In a way, doing this blog is a step toward wanting to reinvent myself now that I am in midlife. Or maybe not so much "reinvent" but to discover who I am now that I've moved into a new stage of life.
I know I've changed over the years but I'm not sure I know the person I've changed into. All these years I've devoted most of my energy into homemaking and childrearing and haven't really thought about who I would be in an empty nest. It isn't that I fear the empty nest, but I want a sense of direction once that happens.
I need to give myself permission to let go of what doesn't fit anymore and embrace new ideas about who I can become that I hadn't considered before.
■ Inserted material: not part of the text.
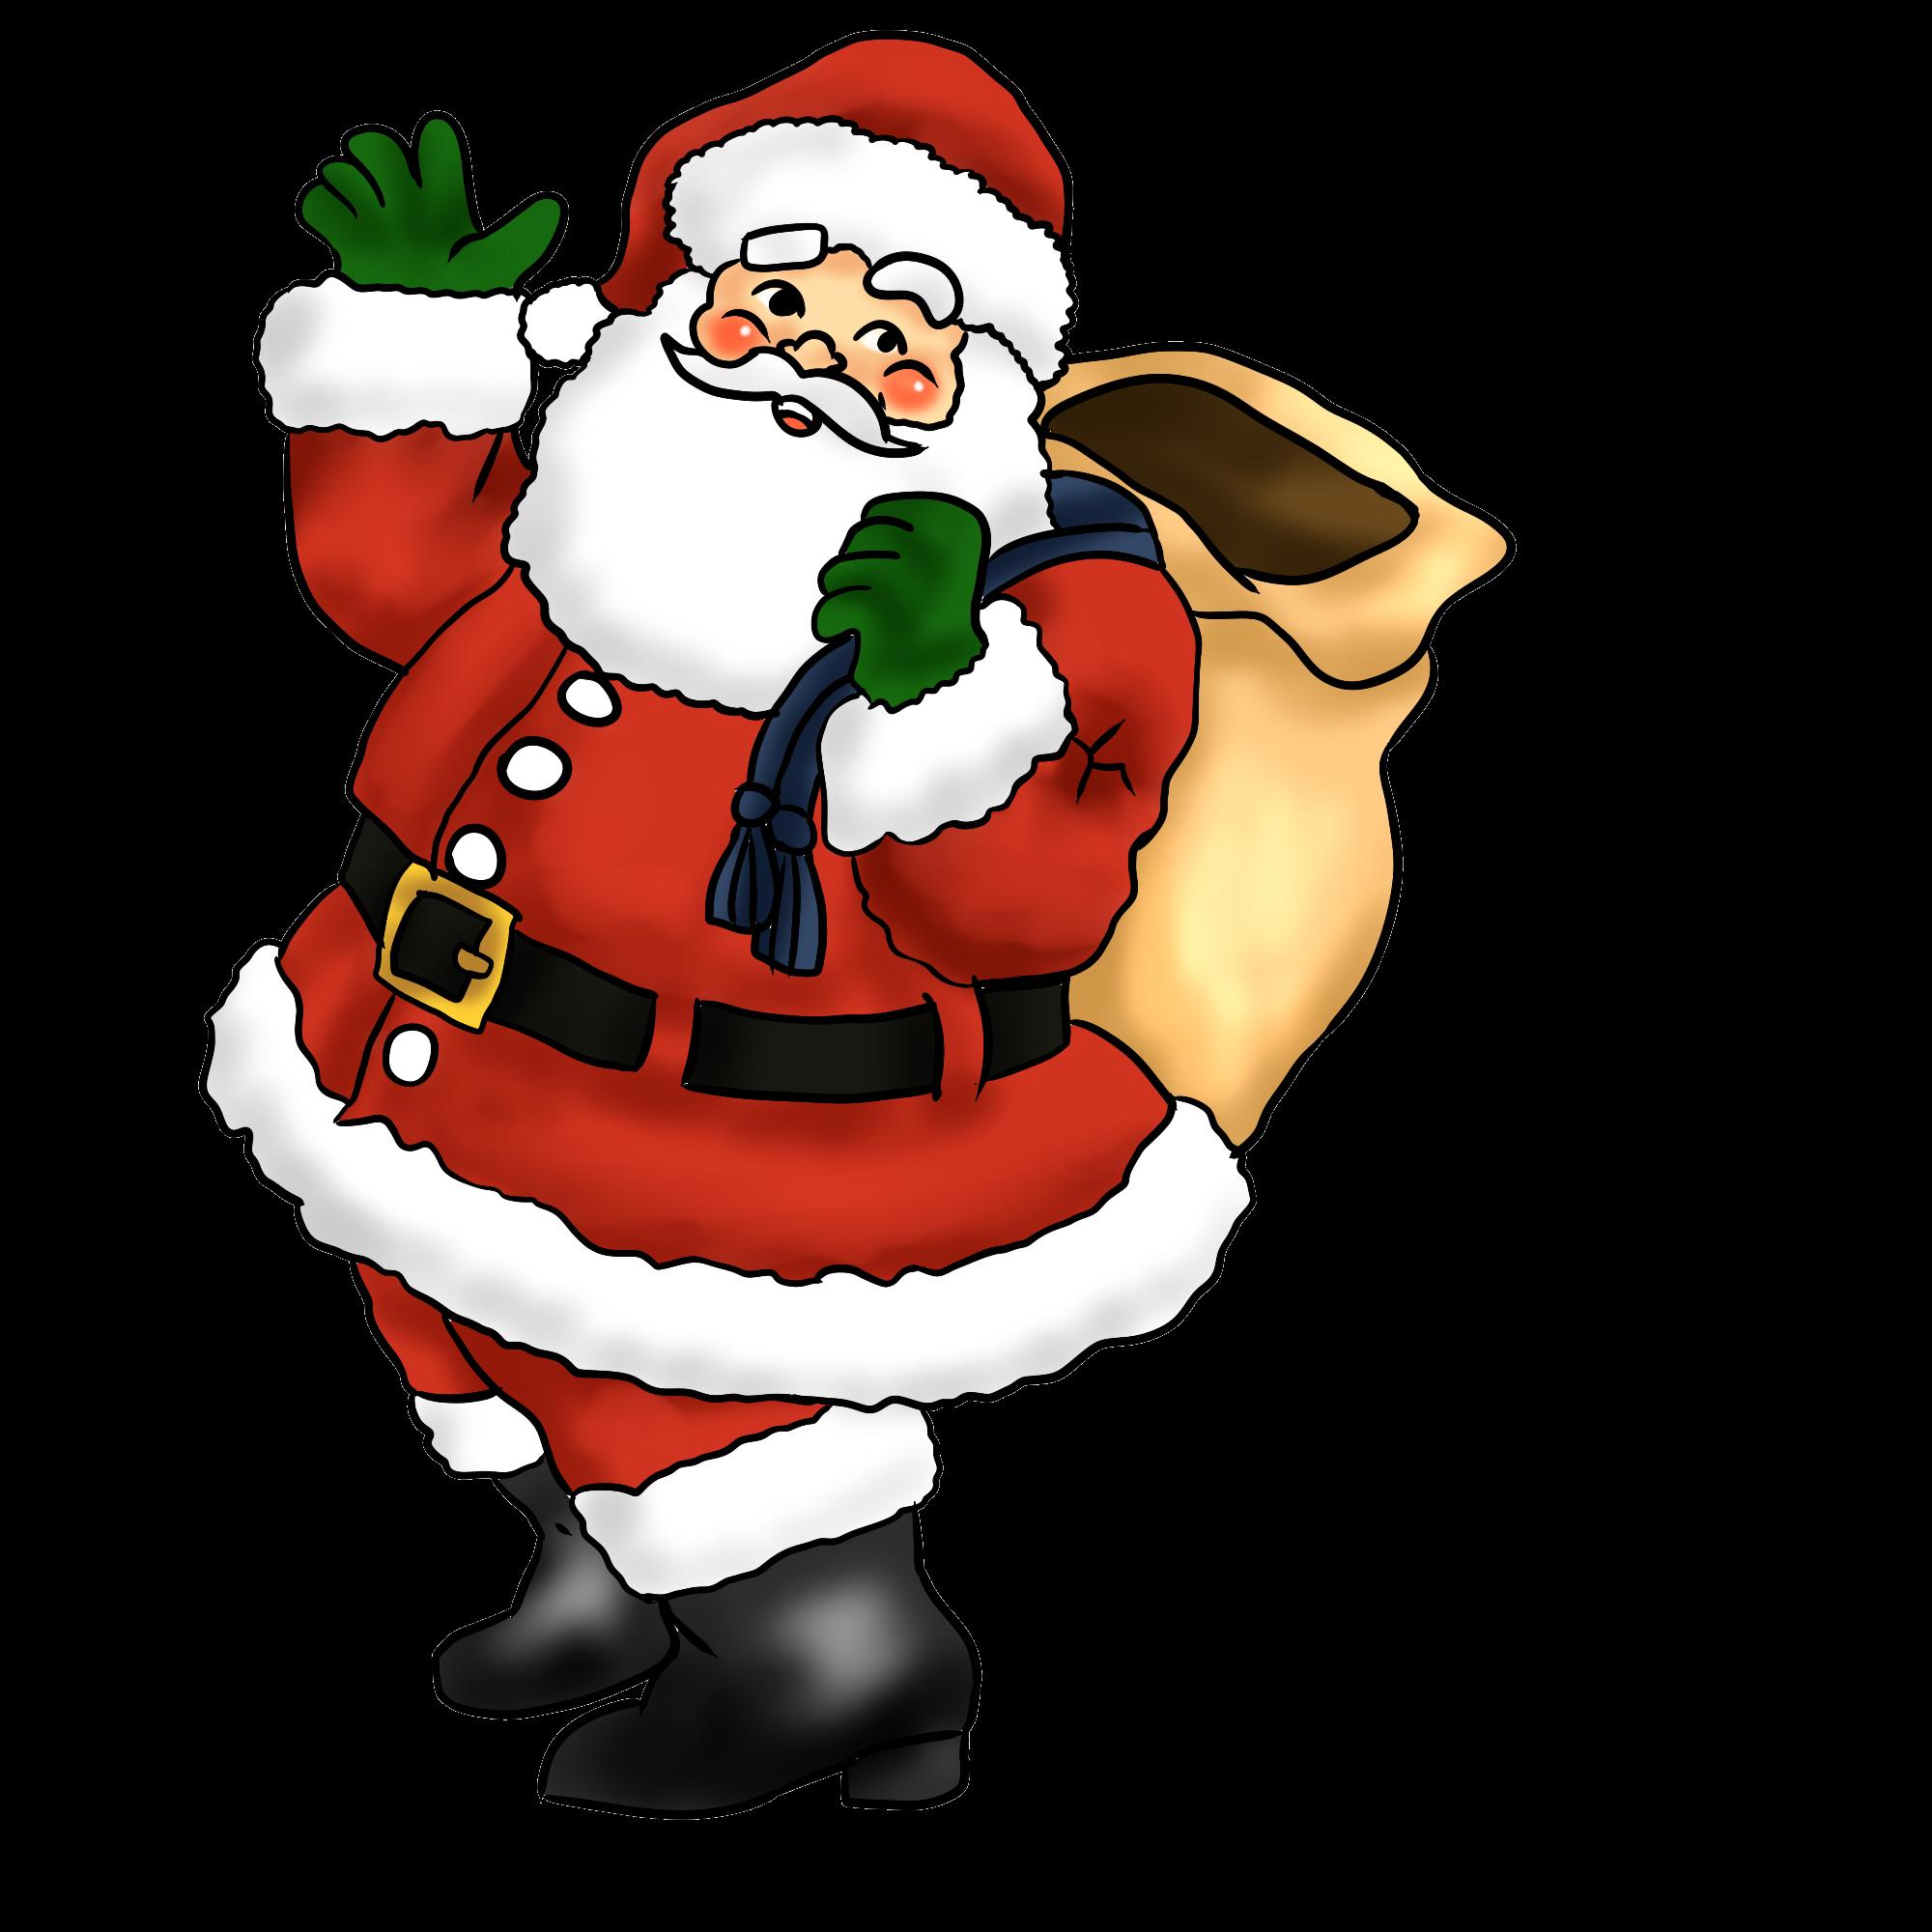 Free Lovely Santa Claus Clip Art

God promises in His word that He will complete the work He has started in me so that gives me hope. I don't know yet what the finished "me" will look like but I look forward to the journey.
It strikes me that all our lives up until we graduate from high school people ask us what we want to be but never who we want to become. After we "grow up" they quit asking and we quit asking ourselves. In some ways, once we embark on a career or lifestyle choice we let that define us and don't think to re-evaluate if it still fits.
I think the better question for me at this stage of my life is "who am I now or who do I want to become?" I know who I am in Christ; I know what labels I hold (wife, mother, sister, daughter, artist, writer, etc.), but I really don't know who I am now that I am not so defined as a mom at home raising kids. What really gives me joy? If I got out of my own way, what would I dare to try? What have I always wanted to do but didn't have the time or resources? Who do I see myself becoming in the next year? What is my bliss?
These are the questions I want to explore in this blog as I write about daily life and the me yet to come.
Five years later, I'm still on that journey. The basic questions remain but I do have a little more clarity. My blogging has gone down different paths along the way but remains true to who I am whether I'm posting recipes, writing about the everyday things of life, sharing from the heart what God is teaching me, exposing my vulnerabilities, or unapologetically giving my opinion on anything from politics to religion.
I've had my moments of wanting to quit blogging altogether because of the self-imposed pressure of posting something, anything, in order to keep people interested. But back in the early days I wrote "just because" whether anyone read it or not. In fact, I was sort of creeped out when I got my first "followers" because I thought people were stalking me. Thankfully I learned that this is what people did when they liked a blog and wanted to read more, so I started following others in return. As a result, I've made many wonderful friends and that is what keeps me here. It is so much more than me sharing my thoughts with others; it's what I gain from them that has been the biggest payoff.
I'm not sure how long I will blog. I suppose when it no longer is fun or interesting or I simply have nothing more to say I'll move on but that doesn't seem likely any time soon.